Jokes for all

Feel free to browse the collection of tall tales, yarns and downright lies.   They are all family safe - the test I apply is "would I tell this to someone's grandmother?"  If no,  I don't use it.     (That doesn't mean i don't appreciate a dirty joke,  but I don't think they're appropriate for broadcast on the radio - you never know who is listening or how old they are or  what their attitudes to dirty jokes amounts to. )

Modernising the Church

The elderly priest, speaking to the younger priest, said, "It was a good idea to replace the first four pews with plush bucket theater  seats. It worked like a charm.
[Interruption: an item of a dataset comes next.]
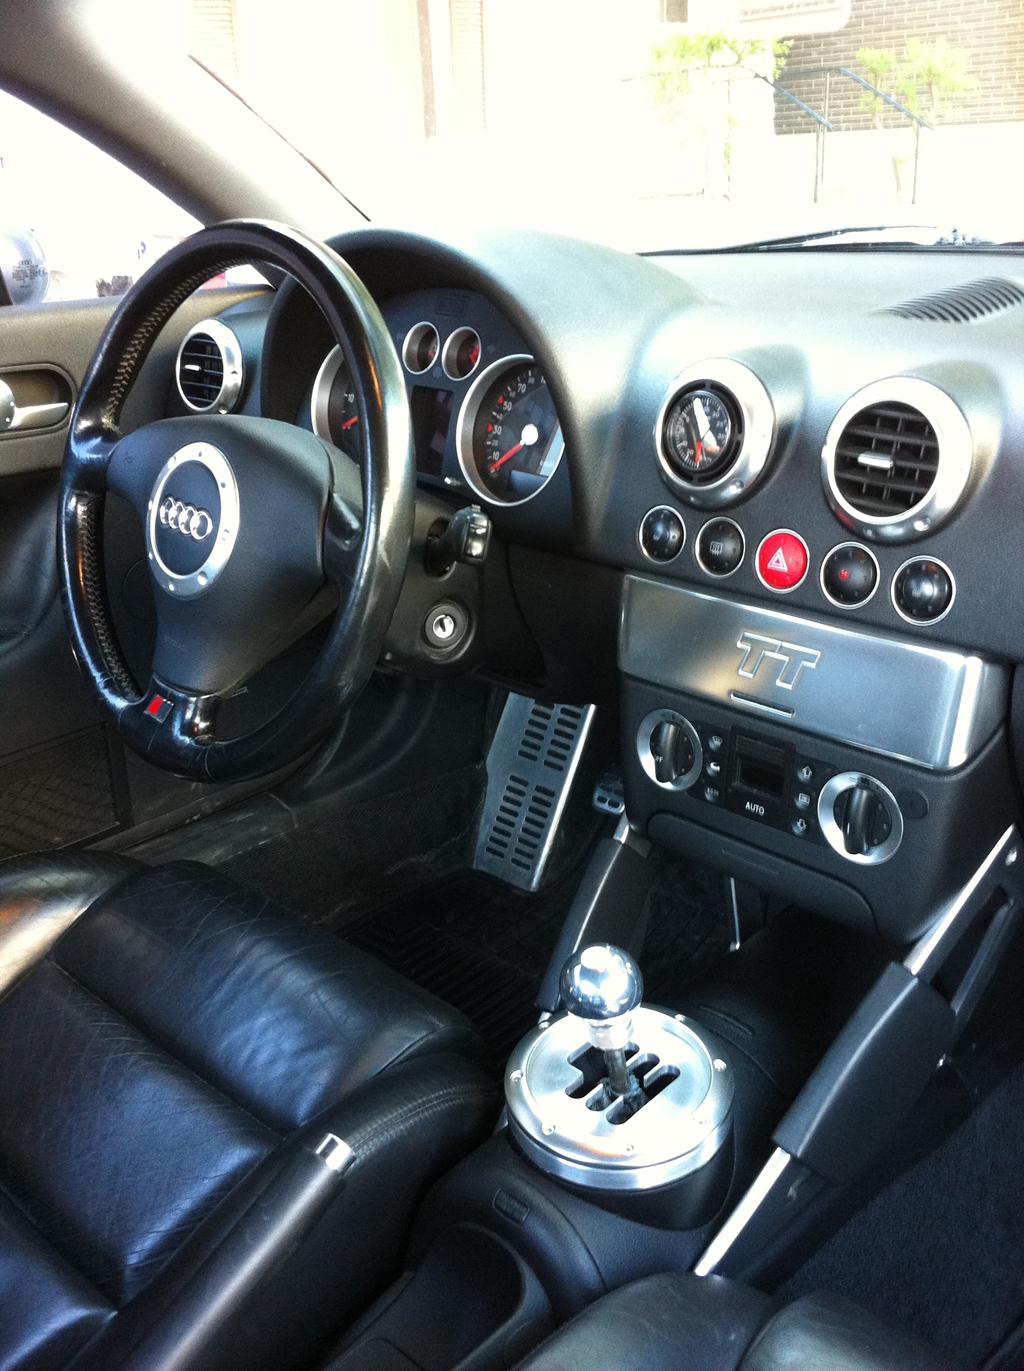 Tt Interior Audi Tt Mk1 Jay Funke Audi Tt Tuning Parts

The front of the church always fills  first now."
The young priest nodded, and the old priest continued, "And you  told me a little more beat to the music would bring young people  back to church, so I supported you when you brought in that rock 'n  roll gospel choir.  We are packed to the balcony!!"
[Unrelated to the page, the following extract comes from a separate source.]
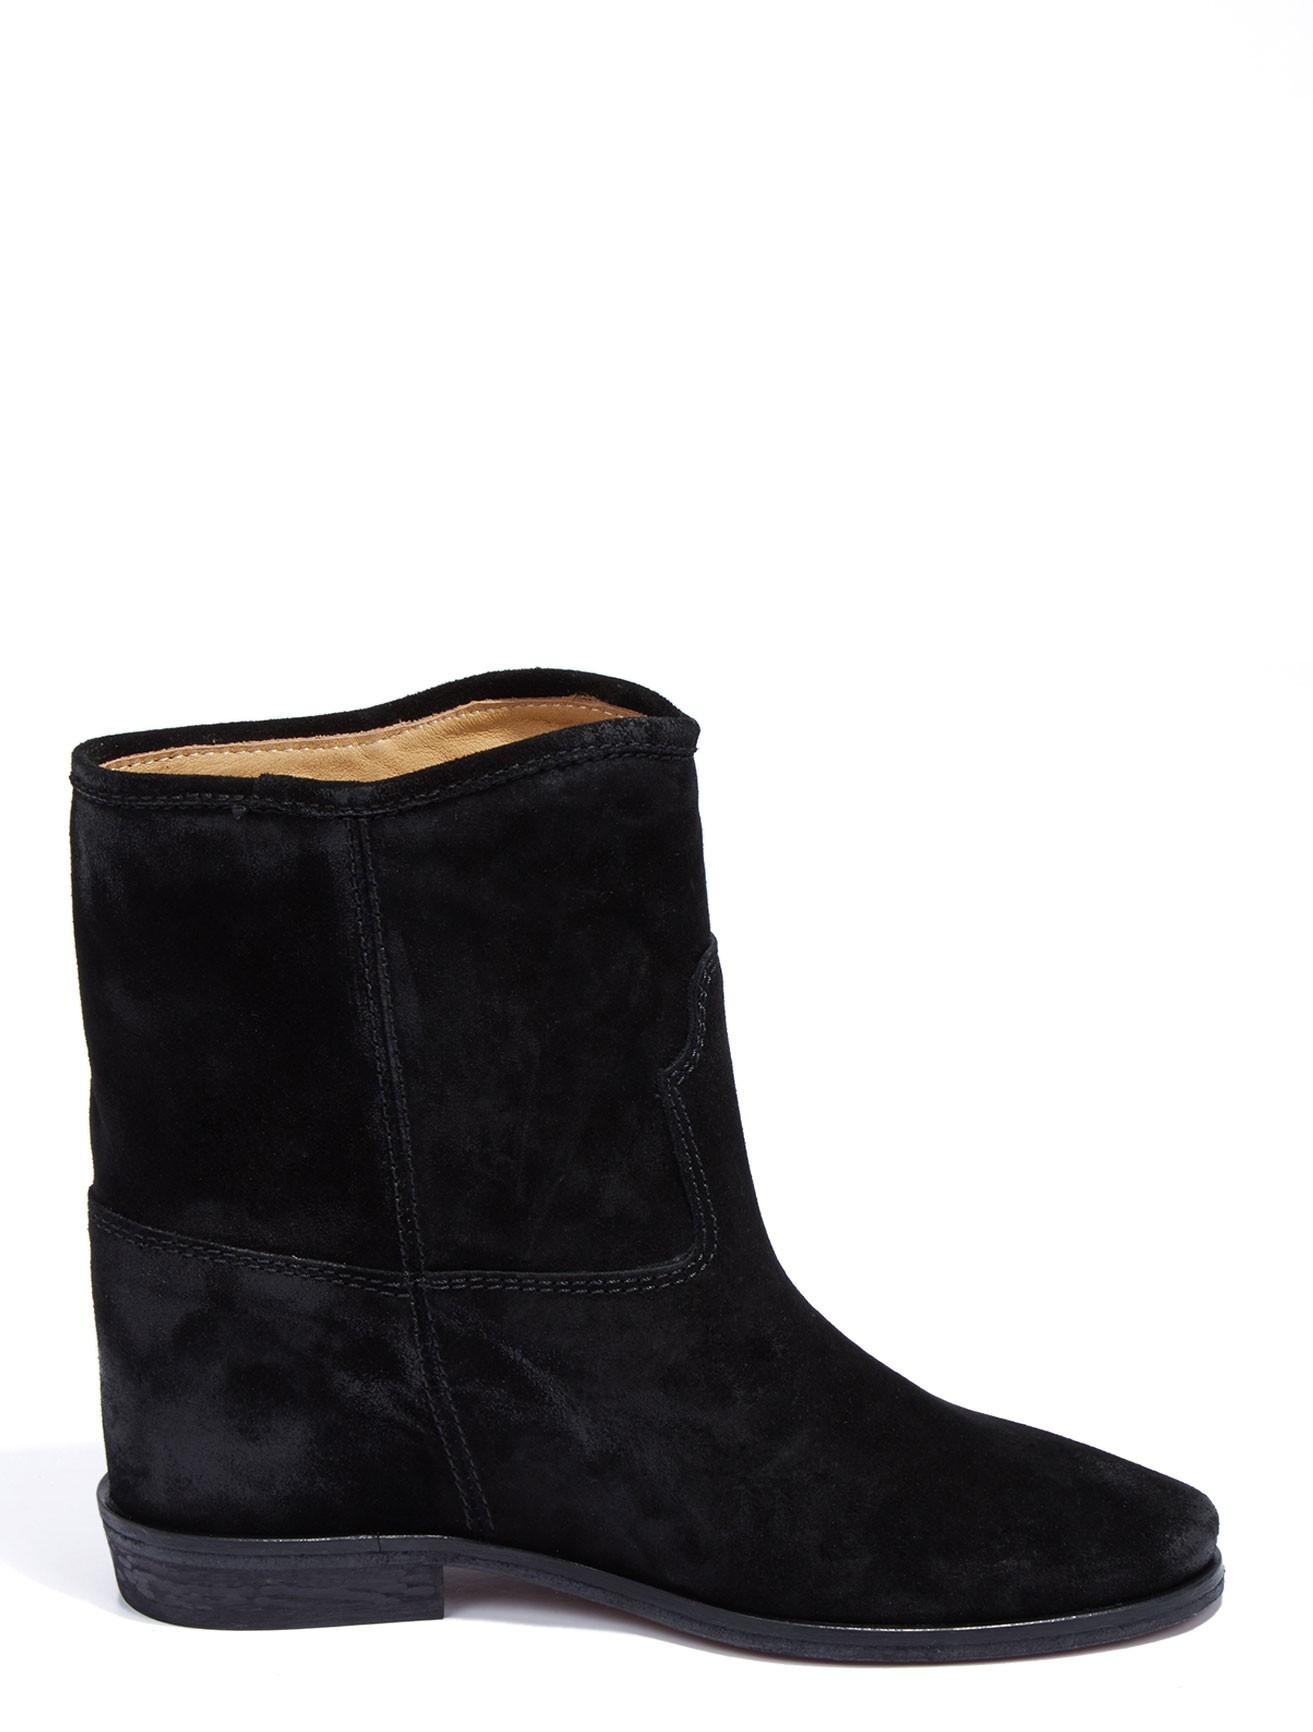 scoop suede inner wedge boot in black lyst

"Thank you, Father," answered the young priest. "I am pleased that  you are open to the new ideas of youth."
Well," said the elderly priest, "I'm afraid you've gone too far  with the drive-thru confessional."
"But, Father," protested the young priest, "my confessions and the  donations have nearly doubled since I began that!"
"I know, son," replied the elderly priest, "but that flashing neon  sign, "Toot 'n Tell or Go to Hell'" just can't stay on the church  roof."